The article "Limited Yield Estimation for Visual Defect Sources" (IEEE Trans. Semicon. Manuf., 1997: 17-23) reported that, in a study of a particular wafer inspection process, 356 dies were examined by an inspection probe and 201 of these passed the probe. Assuming a stable process, calculate a \(95 \%\) (two- sided) confidence interval for the proportion of all dies that pass the probe.

Short Answer

Expert verified
The 95% confidence interval for the proportion is approximately (0.5129, 0.6163).

Step by step solution

01

Identify Sample Proportion

First, let's identify the sample proportion \( \hat{p} \). This is the proportion of examined dies that passed the probe. We have 201 dies passing out of 356 dies examined. Thus, \( \hat{p} = \frac{201}{356} \approx 0.56461 \).
02

Determine Standard Error

Next, we calculate the standard error (SE) of the sample proportion using the formula: \( SE = \sqrt{\frac{\hat{p}(1-\hat{p})}{n}} \), where \( n \) is the sample size. Plugging in the values, \[ SE = \sqrt{\frac{0.56461 \times (1-0.56461)}{356}} \approx 0.0264 \].
03

Find the Z-score for 95% Confidence Interval

A 95% confidence interval corresponds to a Z-score of approximately 1.96 for a two-sided test. This means you'll need to use 1.96 to create the confidence interval.
04

Calculate Margin of Error

Now, calculate the margin of error (ME) using the formula: \( ME = Z \times SE \), where \( Z = 1.96 \).

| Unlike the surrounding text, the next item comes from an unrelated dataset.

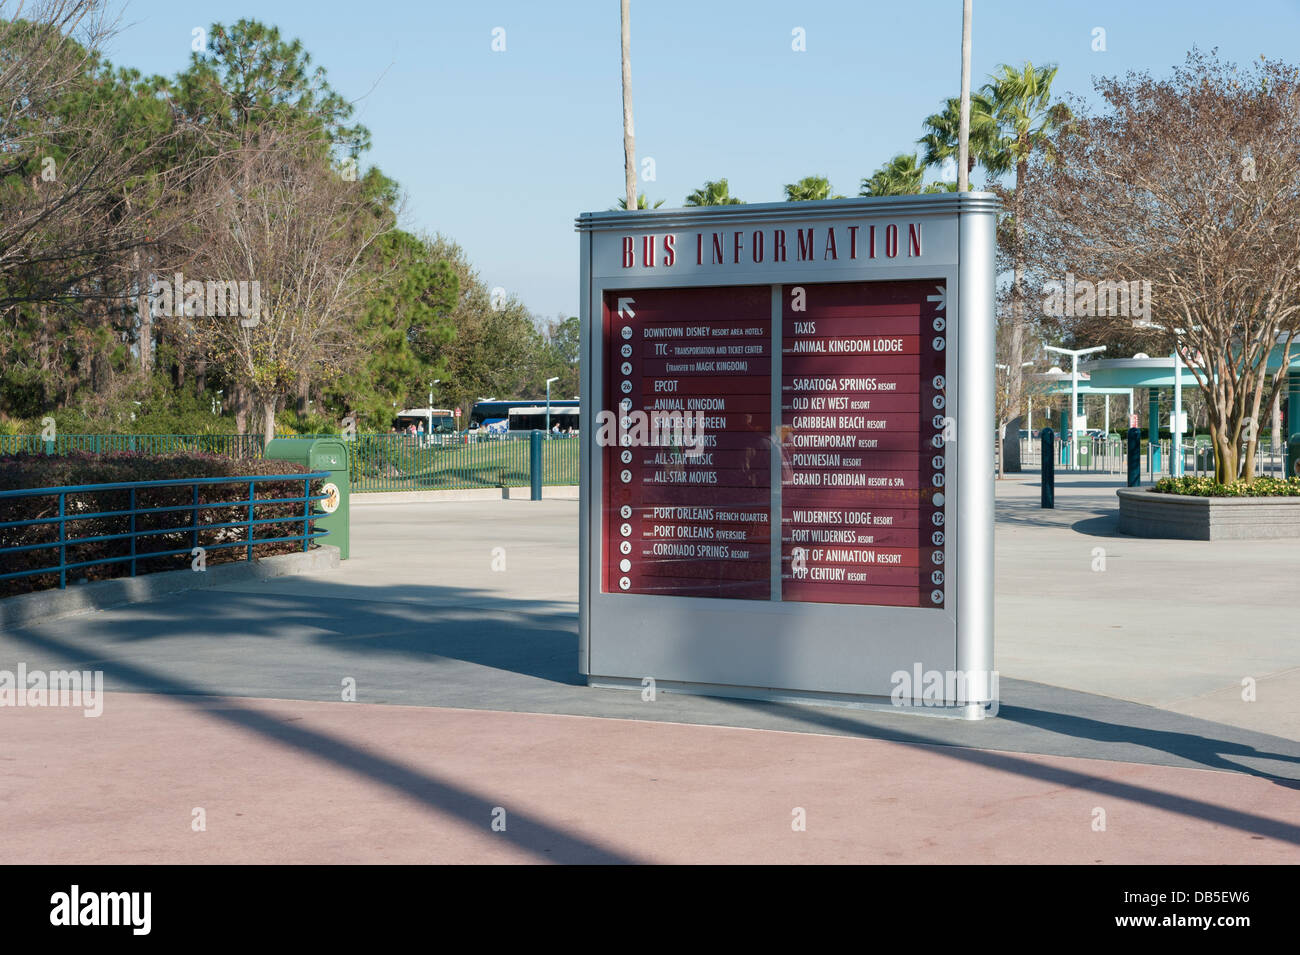 Transportation Information board at Disney's Hollywood Studios, Orlando Florida. Stock Photo

So, \[ ME = 1.96 \times 0.0264 \approx 0.0517 \].
05

Compute Confidence Interval

Finally, calculate the 95% confidence interval for the proportion by adding and subtracting the margin of error from the sample proportion: \( \hat{p} - ME \) and \( \hat{p} + ME \). This gives: \( 0.56461 - 0.0517 \) and \( 0.56461 + 0.0517 \), which results in the interval \( (0.51291, 0.61631) \).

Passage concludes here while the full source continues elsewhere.